▶ **Task statement**
Write out every line below again exactly as it stands, skipping each image.

▶ **Recorded data**
════════

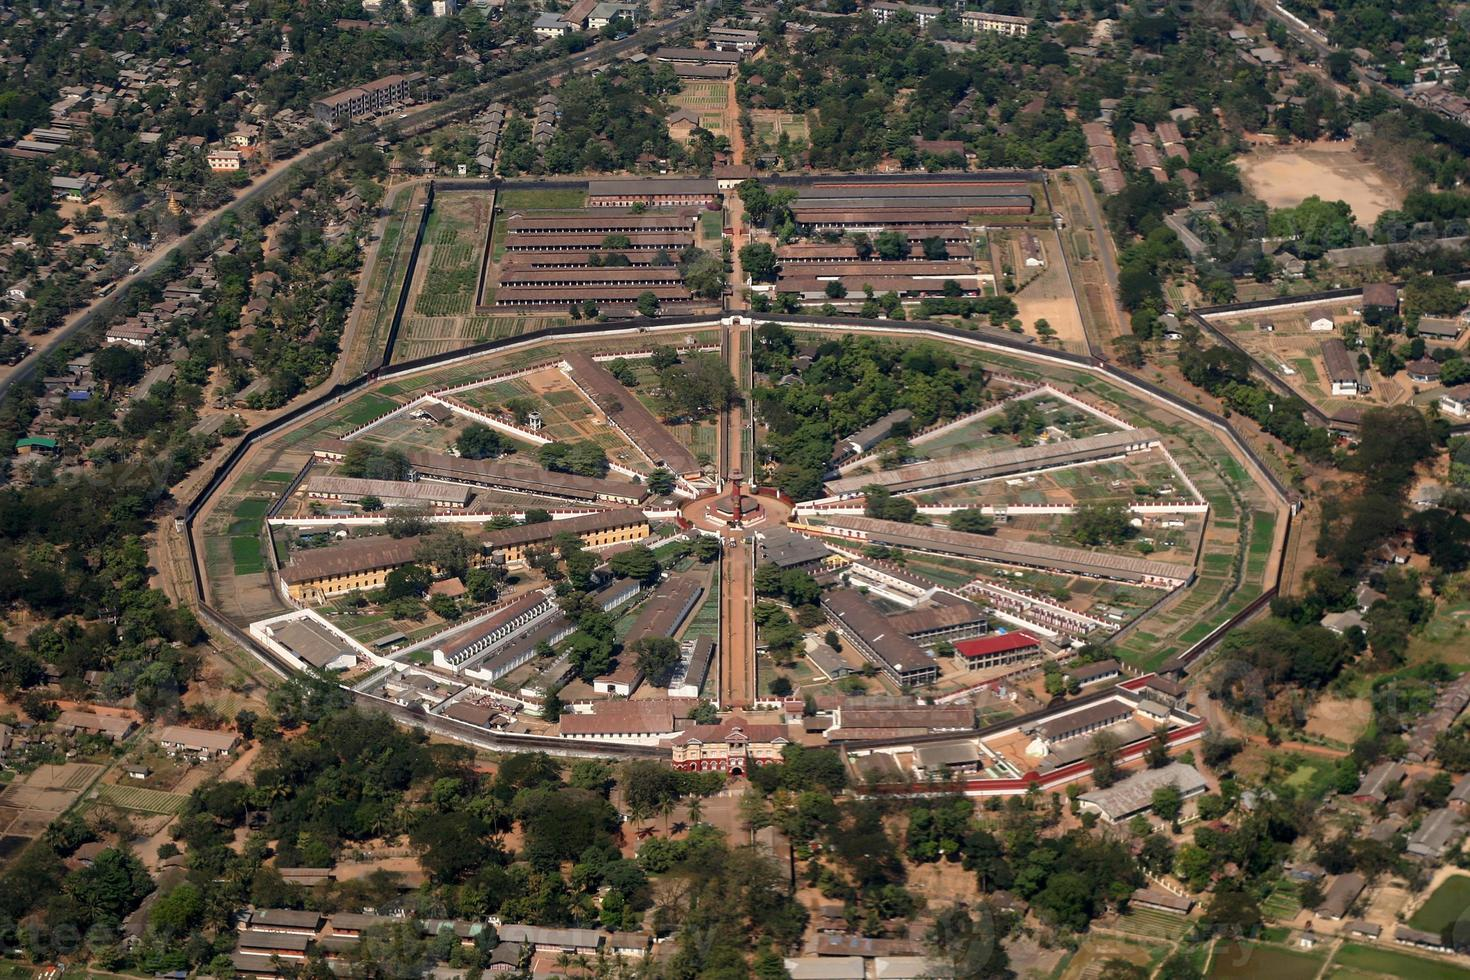 vista aérea da prisão de insein foto
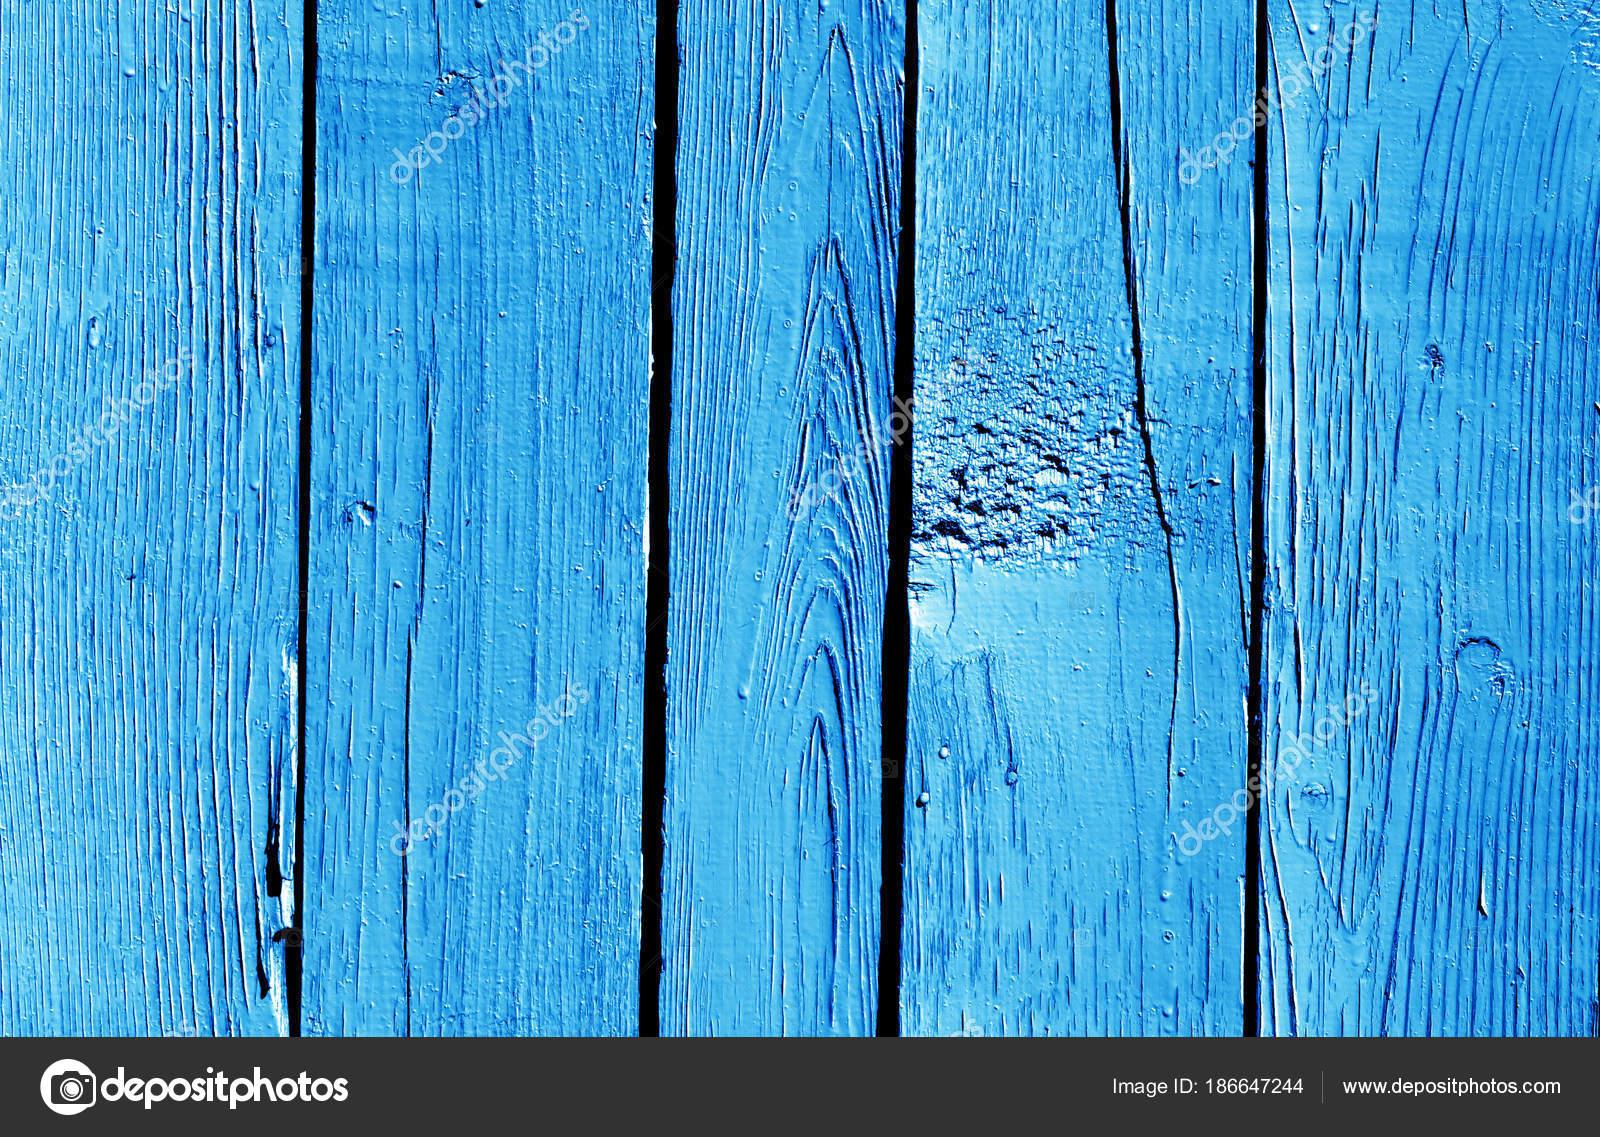 motif de clôture en bois de couleur bleu marine — photographie
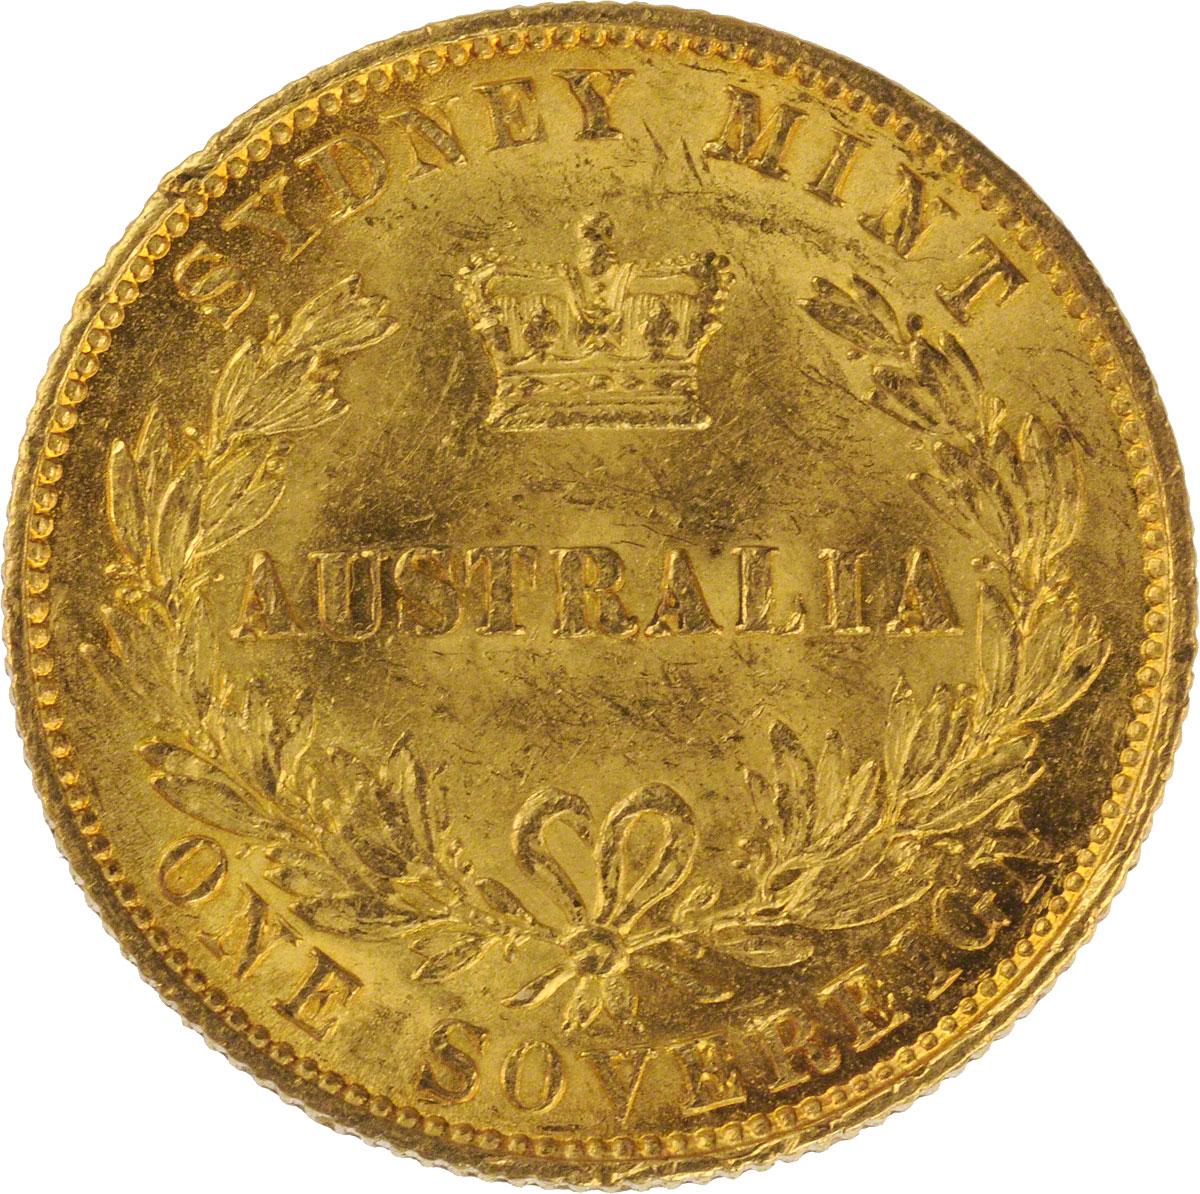 1868 Βικτώρια (Νομισματοκοπείο Σίδνεϊ)
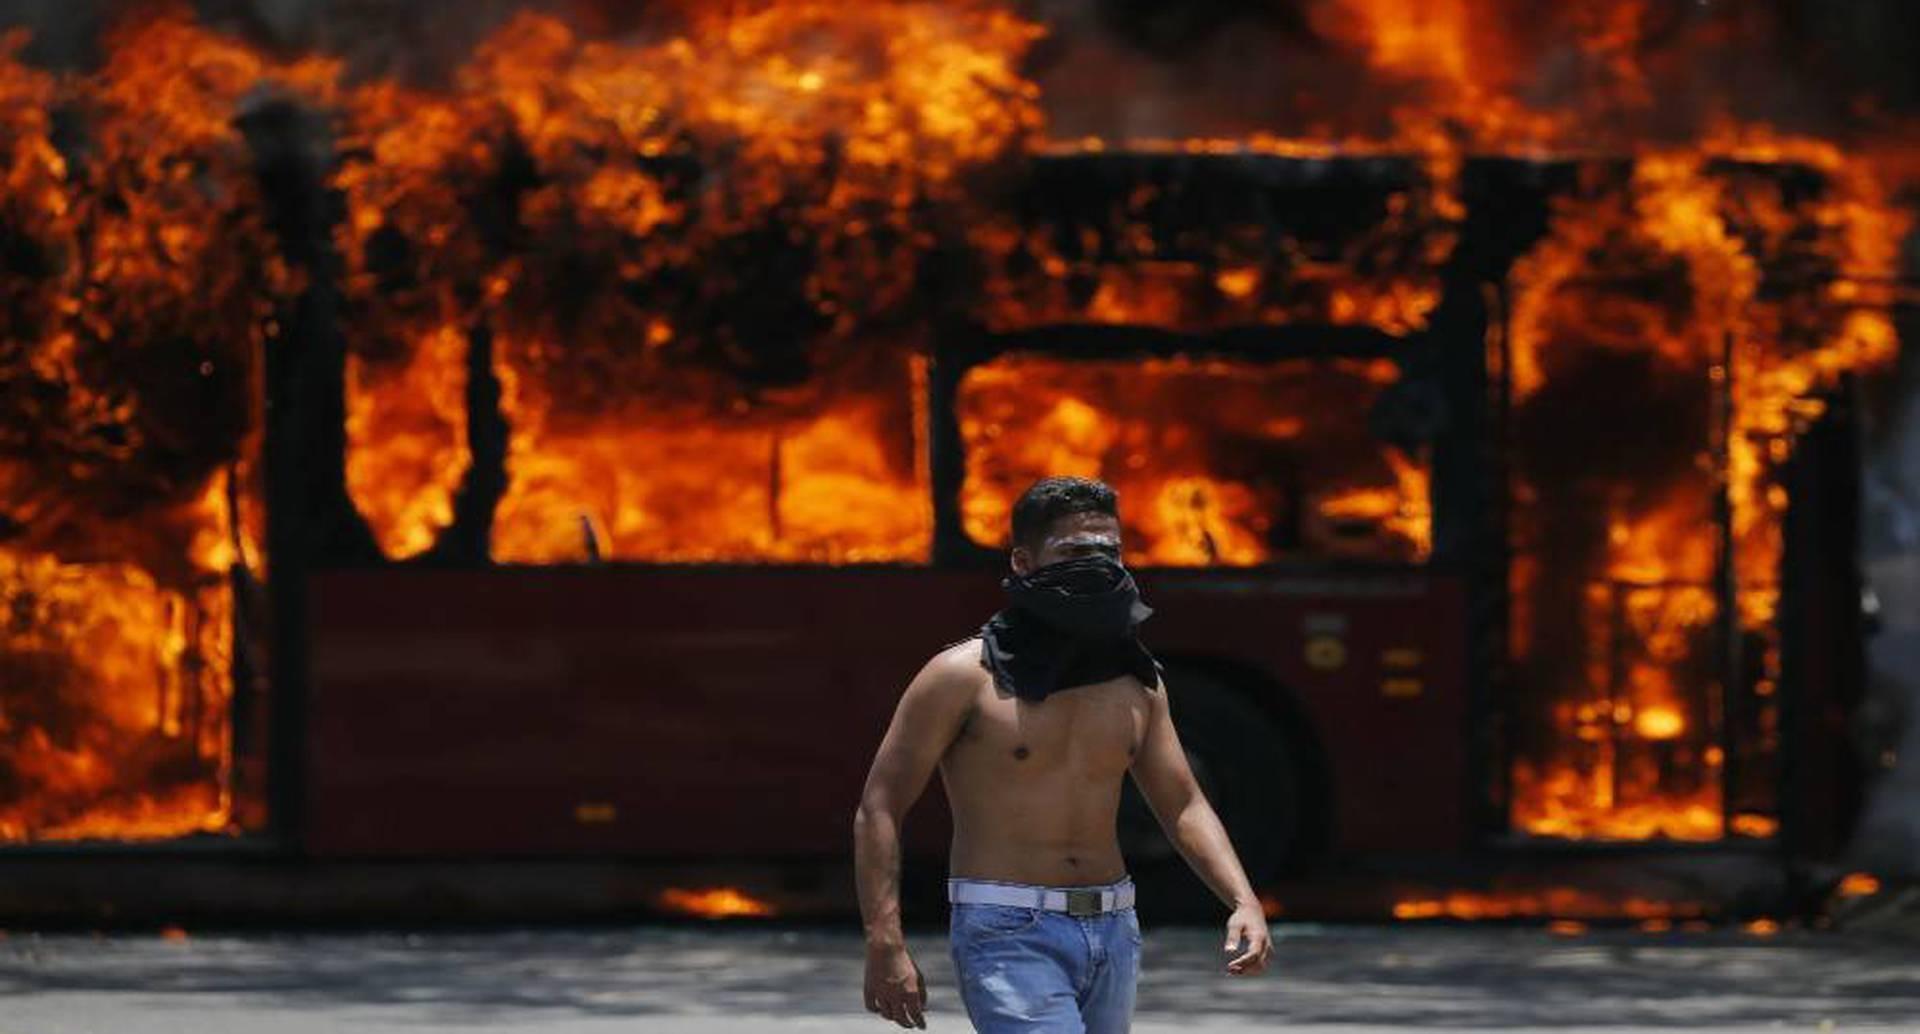 Los encuentros entre chavistas y opositores han desembocado en caos y violencia.

════════

▶ **Reply**
 vista aérea da prisão de insein foto
 motif de clôture en bois de couleur bleu marine — photographie
 1868 Βικτώρια (Νομισματοκοπείο Σίδνεϊ)
 Los encuentros entre chavistas y opositores han desembocado en caos y violencia.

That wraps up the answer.